Judge for yourself. There wasn't even a pause, a stammer, or anything.
posted by crunchland at 7:32 PM on February 21, 2002


One other thing: that official White House transcript? It's the text of the speech as it was originally written, not a cover-up.
posted by donpardo at 7:34 PM on February 21, 2002


That said, I have to wonder how many times a day each of us mis-speaks and doesn't catch it.

Yes, but how many of us are the President of the United States and the (so called) leader of the free world. This buffoon mispeaks himself constantly, in public, and remains unashamed that he looks the fool. To every one of us who want him GONE in 2004, this is definately news.
posted by Wulfgar! at 7:38 PM on February 21, 2002


"It begins here because for a century and a half now, America and Japan have formed one of the great and enduring alliances of modern times."
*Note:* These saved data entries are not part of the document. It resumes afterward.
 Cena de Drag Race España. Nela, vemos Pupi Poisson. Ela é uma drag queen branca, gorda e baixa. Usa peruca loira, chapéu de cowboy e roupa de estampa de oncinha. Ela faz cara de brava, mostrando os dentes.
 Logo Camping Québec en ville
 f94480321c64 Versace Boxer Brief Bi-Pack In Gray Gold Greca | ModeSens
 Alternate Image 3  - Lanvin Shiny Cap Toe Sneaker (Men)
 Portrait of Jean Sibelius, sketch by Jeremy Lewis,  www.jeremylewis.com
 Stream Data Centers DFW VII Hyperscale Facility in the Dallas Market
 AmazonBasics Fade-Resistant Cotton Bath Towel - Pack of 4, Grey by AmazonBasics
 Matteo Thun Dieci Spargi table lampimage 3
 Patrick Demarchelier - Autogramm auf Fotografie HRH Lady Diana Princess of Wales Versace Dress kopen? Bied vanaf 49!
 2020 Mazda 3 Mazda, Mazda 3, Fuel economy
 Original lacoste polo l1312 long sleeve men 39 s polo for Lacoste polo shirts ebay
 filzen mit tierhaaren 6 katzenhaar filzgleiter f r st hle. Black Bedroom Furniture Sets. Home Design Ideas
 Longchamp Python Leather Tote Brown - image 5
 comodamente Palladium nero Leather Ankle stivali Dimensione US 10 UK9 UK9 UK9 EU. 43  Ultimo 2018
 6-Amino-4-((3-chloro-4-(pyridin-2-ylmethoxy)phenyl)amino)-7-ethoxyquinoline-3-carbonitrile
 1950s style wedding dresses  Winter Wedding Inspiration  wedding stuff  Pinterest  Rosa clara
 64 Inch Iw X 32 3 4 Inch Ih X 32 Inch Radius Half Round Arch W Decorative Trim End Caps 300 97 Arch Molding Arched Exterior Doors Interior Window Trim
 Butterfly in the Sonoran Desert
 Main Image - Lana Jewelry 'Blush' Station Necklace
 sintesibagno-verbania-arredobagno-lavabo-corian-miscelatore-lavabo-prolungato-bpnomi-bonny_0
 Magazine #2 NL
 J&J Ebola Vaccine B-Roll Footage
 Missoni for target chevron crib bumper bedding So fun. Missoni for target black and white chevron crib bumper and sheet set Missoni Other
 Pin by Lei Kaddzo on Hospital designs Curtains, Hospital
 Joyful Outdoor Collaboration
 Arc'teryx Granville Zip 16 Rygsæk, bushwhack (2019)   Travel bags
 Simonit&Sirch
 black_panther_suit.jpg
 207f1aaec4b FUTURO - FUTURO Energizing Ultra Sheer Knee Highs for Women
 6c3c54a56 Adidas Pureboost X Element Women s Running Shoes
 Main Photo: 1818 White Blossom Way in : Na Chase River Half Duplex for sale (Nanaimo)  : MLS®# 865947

Yeah, except for that daggone little incident in the 40's, it's been all peaches 'n cream.

This is another example of the GWB Public Speaking Trade-Off, as I like to call it. You either choose to suffer through his torturous attempts at reading from a teleprompter, or you let him speak quasi-extemporaneously, embarrassing the U.S. internationally. At least the second option is more humorous.
posted by insomnyuk at 7:39 PM on February 21, 2002


I find it very hard to believe that the leader of arguably the most powerful nation on earth would make such an obvious blunder.
posted by hotdoughnutsnow at 7:42 PM on February 21, 2002


I can picture dubya's apology:

"Oh there were two world wars! Shit, I'm sorry."
posted by jonmc at 7:44 PM on February 21, 2002


Don't worry, folks. At least he takes the lens cap off his binoculars before he looks through them.

That ought to count for something, right? It's not like he devalued a major currency or anything.
posted by mr_crash_davis at 7:45 PM on February 21, 2002


To every one of us who want him GONE in 2004, this is definately news.

Please. Fuel for the fire, yes. Fodder for a campaign? Yes.

News? Not compared to a thousand other things that happened today.

If your every statement were reported by the press, I bet you'd make a blunder at least once a day.

(btw - it's "definItely" and "misspeaks" (and yes, I misspelled that one, too))
posted by donpardo at 7:51 PM on February 21, 2002


you see, there's no reason to take cheap shots at bush. he's perfectly capable of embarassing himself.
posted by mcsweetie at 7:59 PM on February 21, 2002


A century and a half.
Yes, this century, our 21st, and half the previous one. Sounds reasonable enough to me.
posted by G_Ask at 8:00 PM on February 21, 2002


Who elected that guy? *ducks*
posted by MegoSteve at 8:02 PM on February 21, 2002


mr_crash_davis : Uh, no, it turns out he can't manage that right either.

Laughing, crying, I can't tell the difference any more.
posted by stavrosthewonderchicken at 8:02 PM on February 21, 2002


"If your every statement were reported by the press, I bet you'd make a blunder at least once a day."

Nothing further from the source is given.